Talks with the Taliban: Can Afghanistan set an example?

The Afghan government held its first-ever talks with the Taliban, and if a second round occurs in coming days, a strong precedent may be set for negotiating peace with violent Islamic groups.

AP Photo
Afghan President Ashraf Ghani, right, speaks as Pakistani Prime Minister Nawaz Sharif listens during a May 12 press conference in Kabul, Afghanistan.

The usual Western strategy for dealing with Islamic terrorists is to kill them. President Obama vows to crush Islamic State in Iraq and Syria. The United States helps African nations repel groups like Boko Haram. It uses drones to strike Al Qaeda operatives in any country. “Negotiations cannot convince Al Qaeda’s leaders to lay down their arms,” Mr. Obama stated in 2009.

But on July 7, the Afghan government held its first-ever talks with the Taliban with the assistance of the US, Pakistan, and China. The talks were held outside Islamabad, Pakistan. A second set of talks is planned in coming days, if conditions can be met for further negotiations. The realities in and around Afghanistan point to the possibility of a negotiated peace for a country torn by decades of war, most of it driven by Islamic radical groups.

High hurdles remain for a deal between the government of President Ashraf Ghani and the often-divided Taliban. Pakistan plays a big role while China brings a new mediating role. The Afghan Army must better show its mettle as a cohesive fighting force. Obama may need to recalculate his planned withdrawal of US forces.

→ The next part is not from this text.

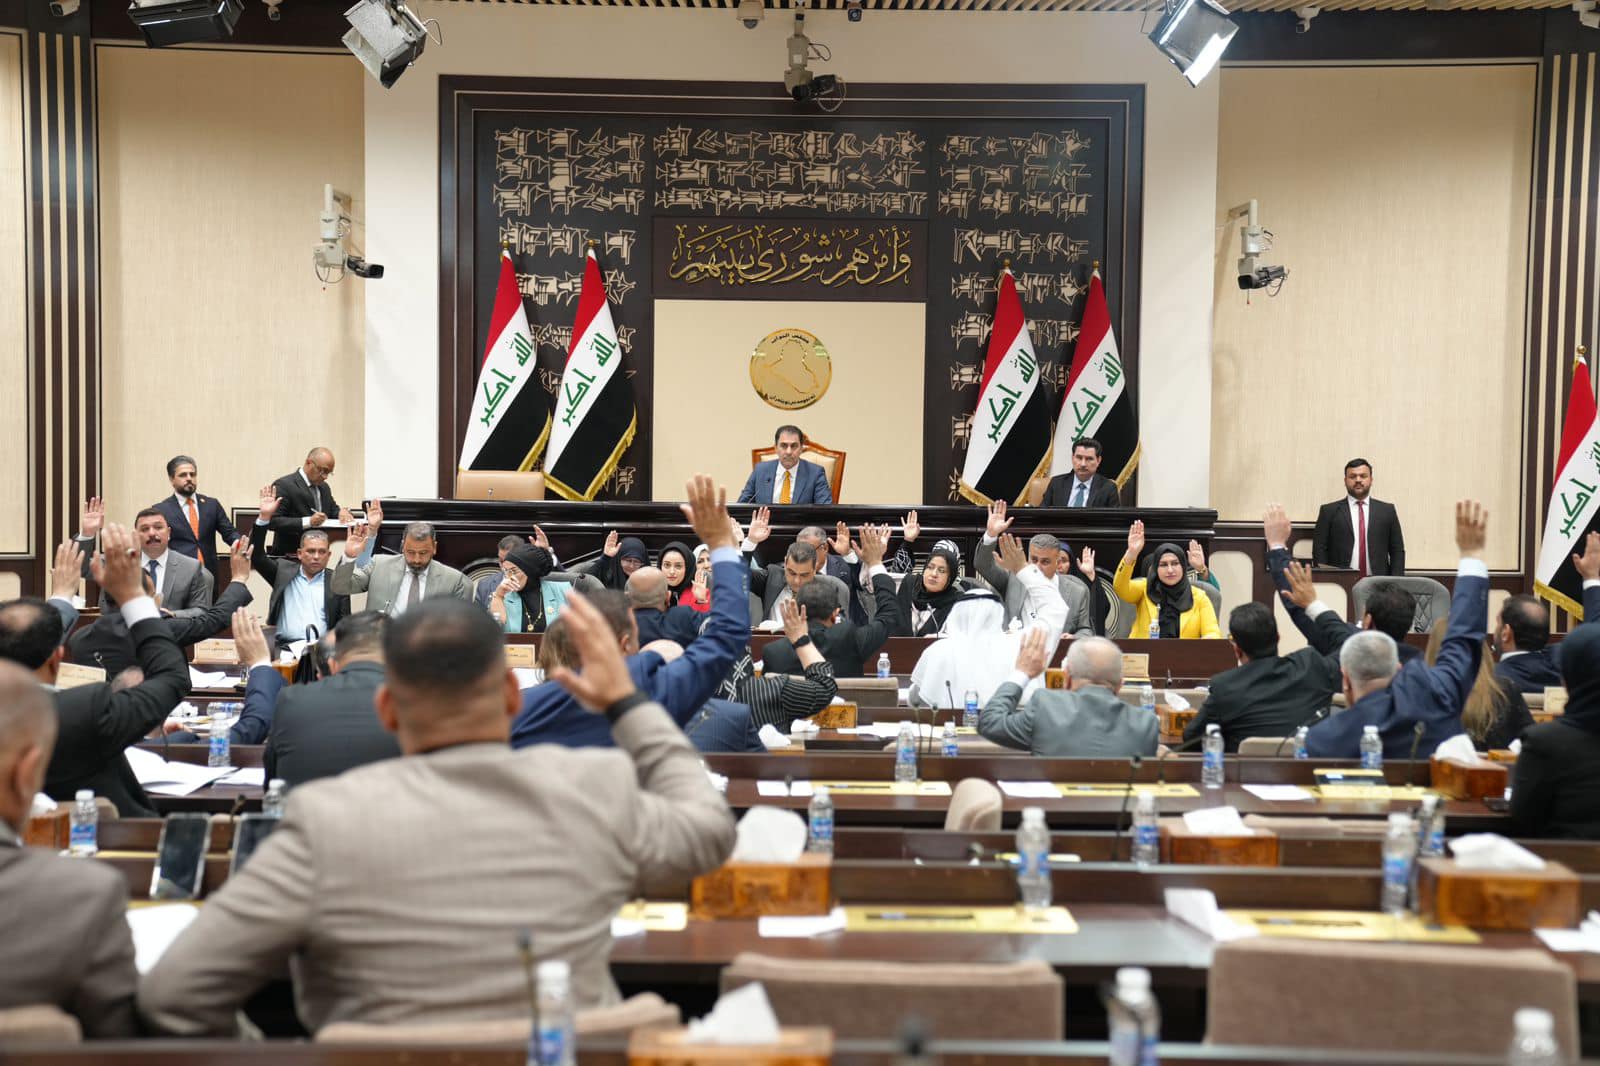 البرلمان العراقي يتسلم مقترح قانون استبدال العقوبات السالبة للحرية بمبالغ مالية

Most of all, the Taliban must be convinced that their vision for Afghanistan would best be achieved without force and within the framework of the country’s constitutional democracy. The very fact that the group’s leaders are now willing to engage in negotiations shows an understanding of the need to use persuasion rather than bombs and bullets to achieve political results.

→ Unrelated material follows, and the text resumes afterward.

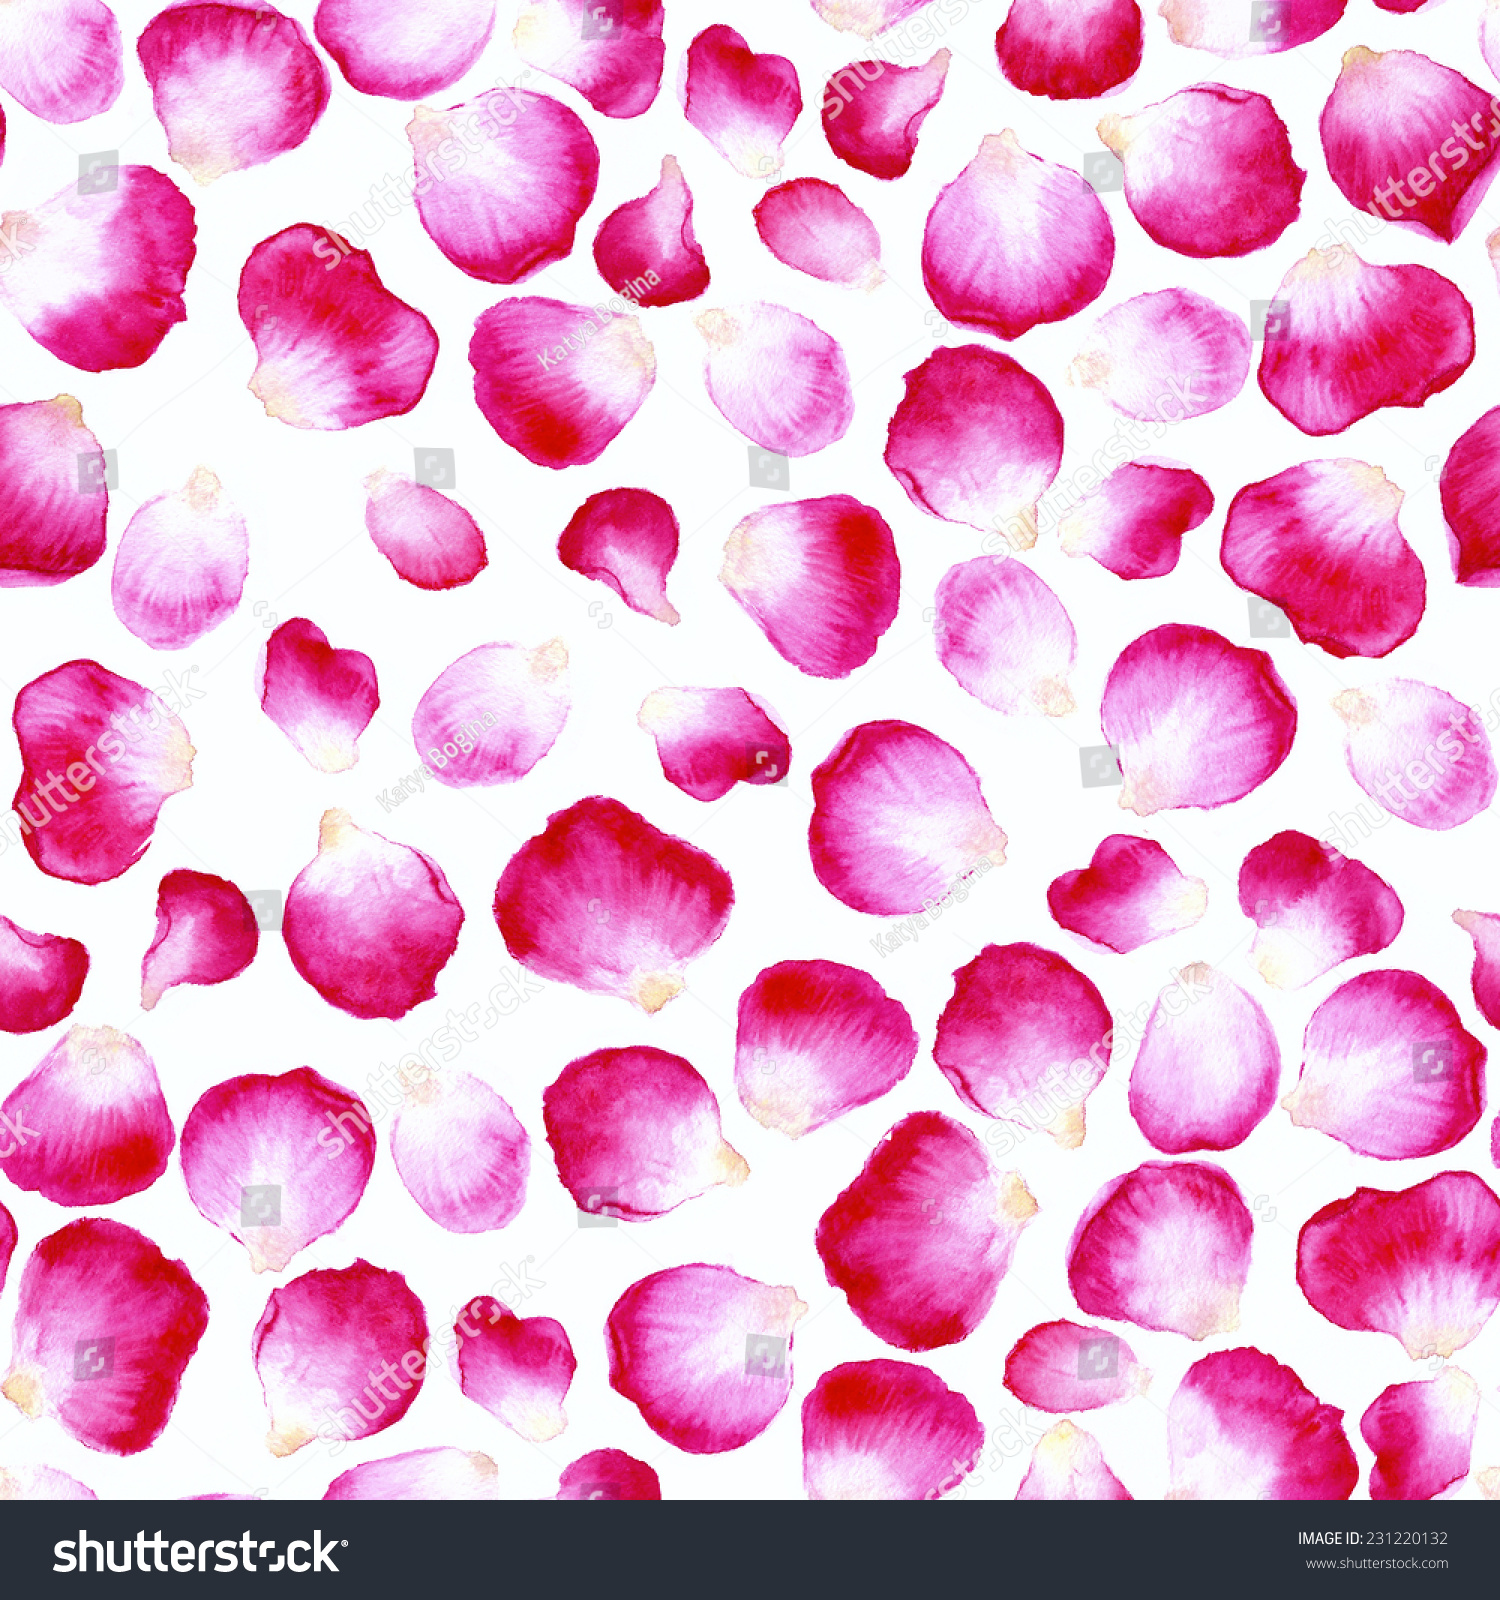 rose petal pattern

The West’s 14-year effort to build a pluralistic Afghanistan, especially in honoring women’s rights, may be paying off. Afghans are gaining a stronger national identity, the best defense against the Taliban. Last year’s election of Mr. Ghani, a pragmatic former World Bank official, may have been a game changer.

Another factor is in play. The Taliban are worried that Islamic State has gained a toehold in Afghanistan, challenging what little legitimacy the Taliban still hold. If this competition between violent Islamist groups results in one group using dialogue to end the conflict, then a model may be set for elsewhere, such as in the Middle East. The usual strategy of killing could eventually be unusual.